Ia memaparkan, risiko dapat dipahami sebagai kemungkinan terjadinya peristiwa yang tidak diinginkan dengan konsekuensi negatif. Menurutnya, BNPB merumuskan risiko sebagai hasil perkalian antara bahaya dan kerentanan, serta berbanding terbalik dengan kapasitas.

“Artinya, semakin tinggi bahaya dan kerentanan suatu kelompok, serta semakin rendah kapasitasnya, maka semakin besar risiko yang ditanggung,” terangnya.

Menghadapi realitas tersebut, Eko menilai bahwa alih-alih menghindari bencana, sesuatu yang hampir mustahil, masyarakat perlu mengembangkan sikap hidup berdampingan dengan risiko bencana. Sikap tersebut memiliki sejumlah dimensi penting.

Pertama, peningkatan kesadaran risiko (risk awareness). Menurutnya, kesadaran yang baik terbukti meningkatkan kesiapsiagaan masyarakat terhadap bencana. Kesadaran ini dapat ditumbuhkan melalui pendidikan kebencanaan.

“Kedua, adaptasi berkelanjutan, termasuk integrasi adaptasi perubahan iklim dengan mitigasi bencana,” lanjutnya.

Ketiga, pentingnya pengambilan keputusan berbasis ilmu pengetahuan dan teknologi. Eko menekankan perlunya pemanfaatan big data, machine learning, kecerdasan buatan (AI), serta pengambilan keputusan kebencanaan berbasis bukti (evidence-based disaster decision making).

“Di sini pendidikan kembali memegang peran kunci agar manusia well-equipped dalam hidup berdampingan dengan risiko bencana,” tegasnya.

Keempat, integrasi kajian risiko bencana dalam perencanaan pembangunan dan perumusan kebijakan. Menurutnya, pembangunan tanpa mempertimbangkan risiko bencana justru berpotensi memperbesar kerugian di masa depan.

Kelima, pelibatan komunitas dan organisasi keagamaan. Eko menilai, karakter masyarakat Indonesia yang guyub dan religius menjadi modal sosial penting dalam pengurangan risiko bencana.

“Pelibatan organisasi keagamaan seperti Muhammadiyah terbukti dapat mengamplifikasi upaya hidup berdampingan dengan risiko bencana.

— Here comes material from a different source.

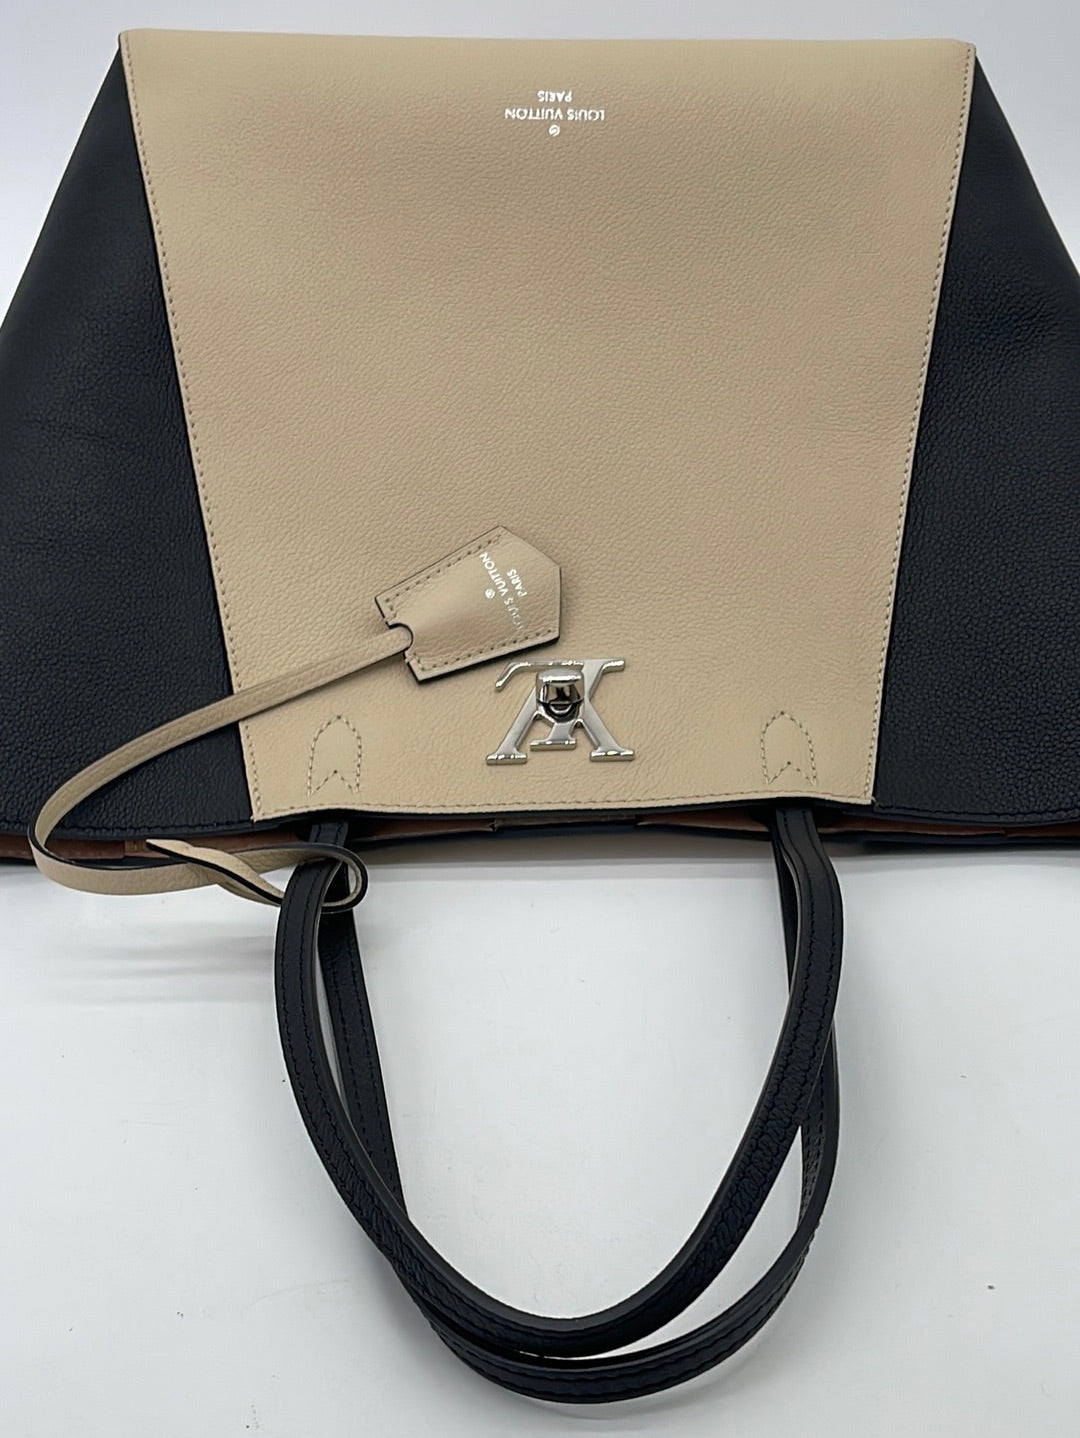 Louis Vuitton, Bags, Authentic Louis Vuitton Lockme Cabas Bag
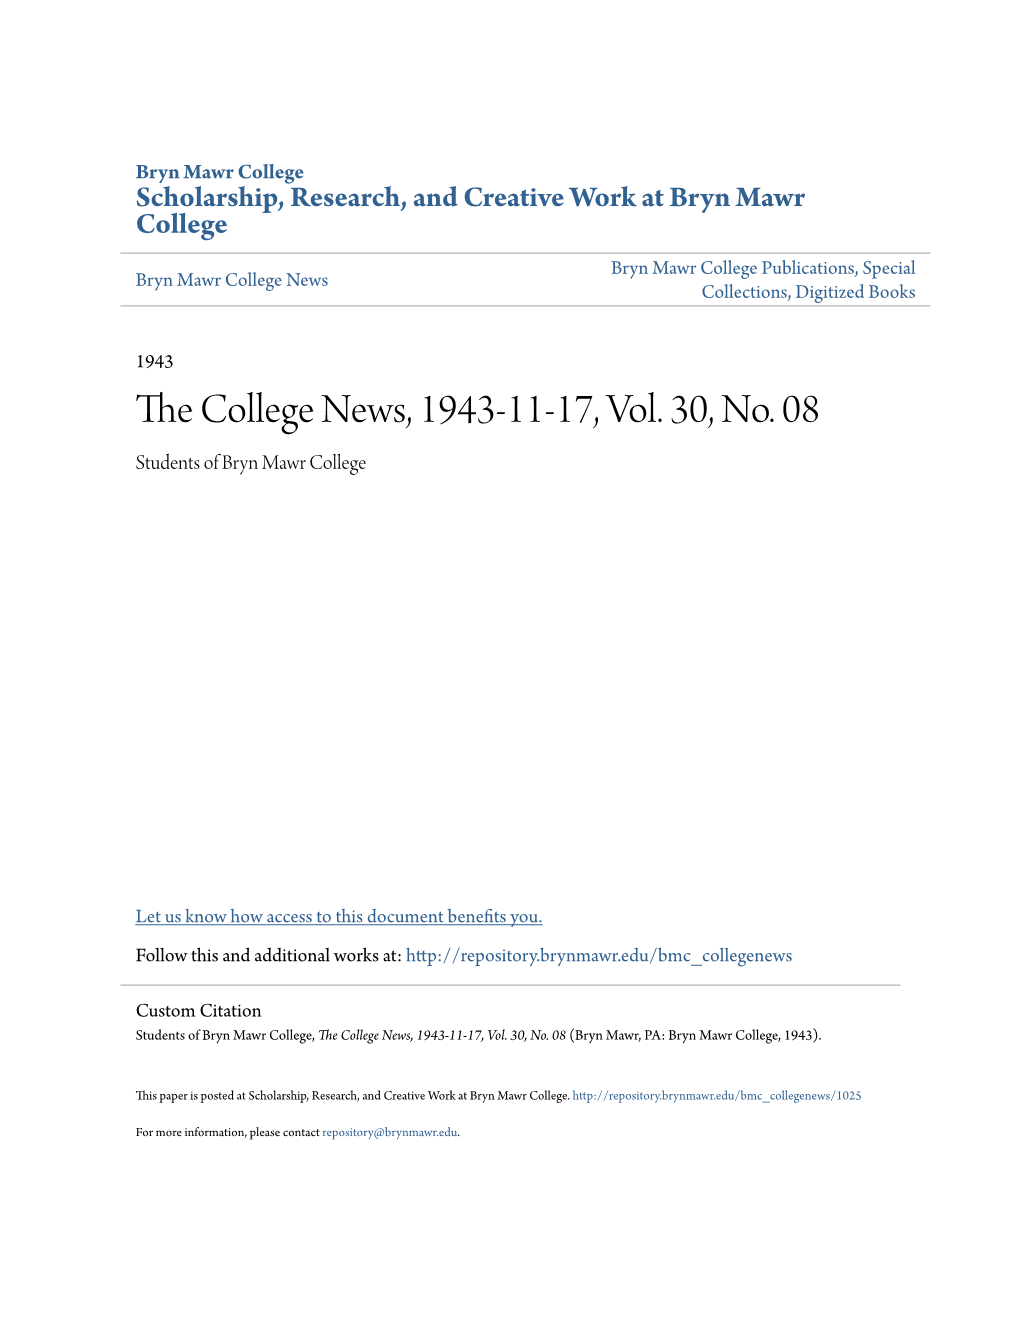 The College News, 1943-11-17, Vol. 30, No. 08 (Bryn Mawr, PA: Bryn Mawr College, 1943)

Banyak riset yang mendokumentasikan peran ini,” katanya.

Eko menegaskan bahwa risiko bencana akibat potensi bahaya alam merupakan keniscayaan. Oleh karena itu, ketangguhan masyarakat (disaster-resilient society) menjadi krusial.

“Masyarakat yang tangguh adalah mereka yang mampu pulih dan bangkit kembali setelah bencana,” ungkap Eko.

Ia menambahkan, berbagai indikator dan indeks ketangguhan telah dikembangkan, di antaranya Disaster Resilience Scorecard for Cities dari UNDRR serta kajian Cutter (2016) tentang indikator ketangguhan masyarakat.

Dalam konteks ini, manajemen bencana menjadi sangat relevan. Ia menjelaskan bahwa manajemen bencana mencakup empat siklus, yaitu mitigasi, kesiapsiagaan, tanggap darurat, serta pemulihan dan rekonstruksi.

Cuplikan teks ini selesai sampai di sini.